Original Research

A comparative study of eschatology in Christianity and African traditional religion

Emeka C. Ekeke, Ekpenyong O. Ekpenyong
Verbum et Ecclesia | Vol 45, No 1 | a2958 | DOI: https://doi.org/10.4102/ve.v45i1.2958 | © 2024 Emeka C. Ekeke, Ekpenyong O. Ekpenyong | This work is licensed under CC Attribution 4.0
Submitted: 01 August 2023 | Published: 30 January 2024

About the author(s)

Emeka C. Ekeke, Department of Religious and Cultural Studies, Faculty of Arts, University of Calabar, Calabar, Nigeria; Department of Religion Studies, Faculty of Theology and Religion, University of Pretoria, Pretoria, South Africa; and Department of the Study of Religions, University of Religions and Denominations, Qom, Iran, Islamic Republic of
Ekpenyong O. Ekpenyong, Department of Religious and Cultural Studies, Faculty of Arts, University of Calabar, Calabar, Nigeria


The concept of eschatology remained a captivating theological subject that theologians dedicated substantial time and resources to comprehend. Contrary to popular belief, some Christians may not prioritise theological discussions about eschatological details. Eschatological discourse – the fate of the universe, including humans and the physical world – may also be prioritised. Death, the second coming of Christ, judgement, rewards, heaven and hell are some of the eschatological themes that fascinate and disturb people because of limited understanding about the afterlife. African tradition religion (ATR) has been criticised for omitting eschatology in its belief system which this study debunks. This study showed that Christianity and ATR have the concept of eschatology and identified the main points of convergence and divergence in their eschatologies to demonstrate that ATR’s eschatology is well-established but different from Christianity’s. This paper adopts theoretical research, often referred to as conceptual research, since it is aimed at advancing knowledge. Christianity and ATR agree that physical death ends life in the body, and death symbolises the afterlife. Earthlings have limited time to fulfil their duties. Both sides agree that the soul and spirit survive death and resurrection. Christianity and ATR share many beliefs and traditions across sects, ethnicities and regions. These factors influence the eschatology of each tradition. Both faiths agree that present decisions impact fate and eternity. They also agree that God opposes immorality, but the virtuous will inhabit a place of joy. Positive and negative conduct are punished differentially.

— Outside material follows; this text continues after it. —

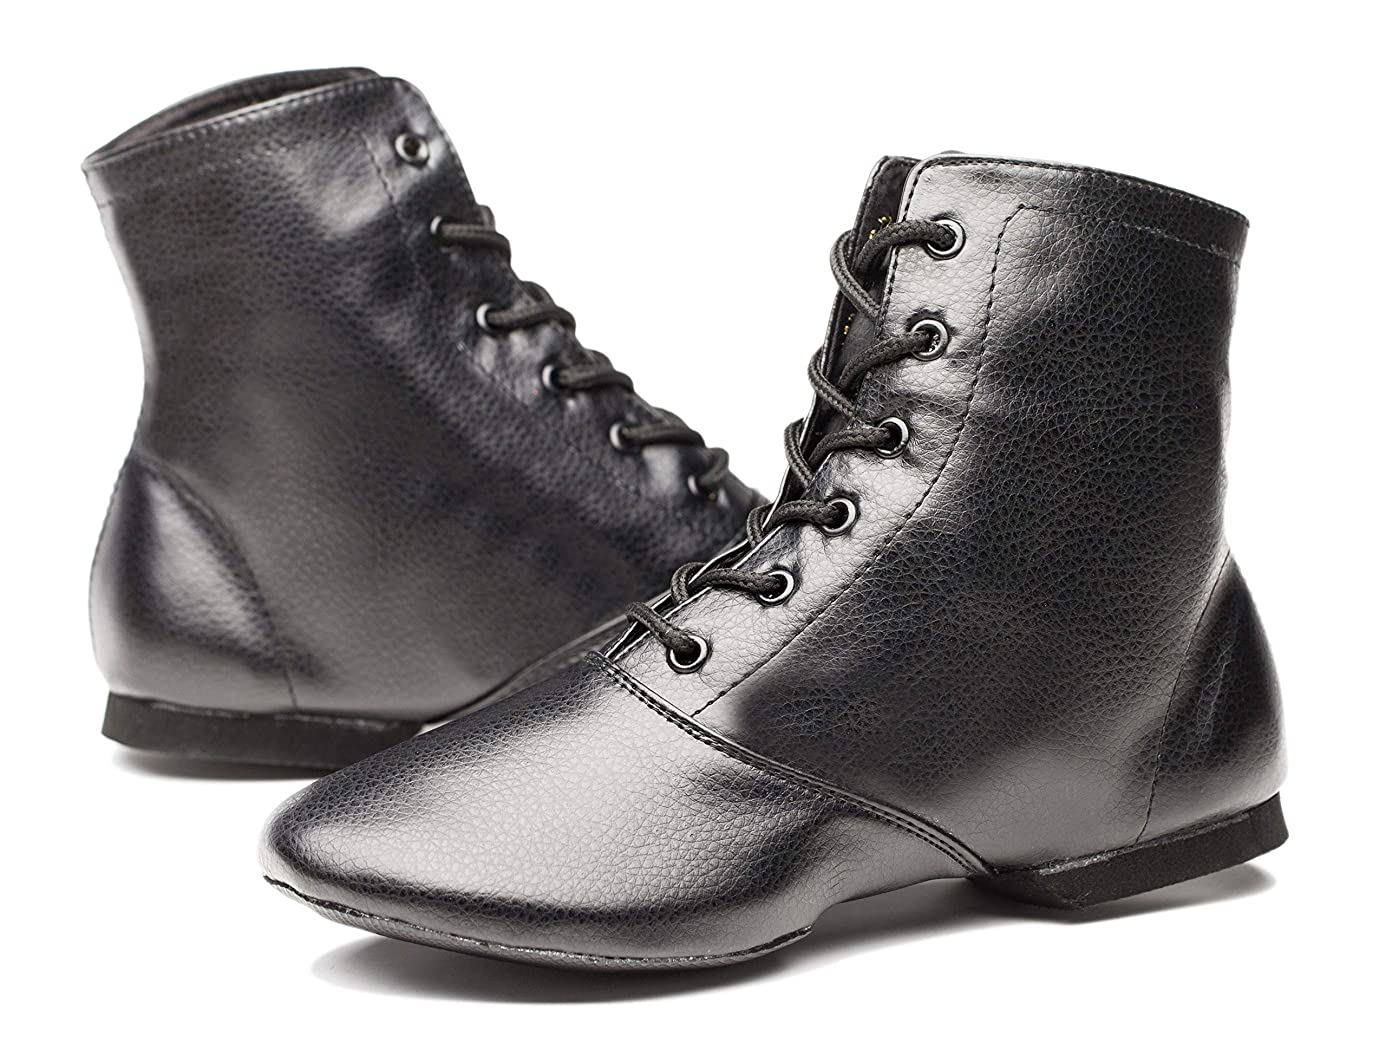 Joocare Women's Black Leather Split Sole Jazz Dance Boots Shoes(Adult/Unisex for Big Kid)

Intradisciplinary and/interdisciplinary implications: This work discusses end-of-life issues that strongly relate to systematic theology and African traditional religion, emphasising that while their eschatologies differ, they share a belief in life after death. African traditional religion should not be mocked as a religion without eschatology.


Christianity; African traditional religion; eschatology; systematic theology; comparative religion; religious studies.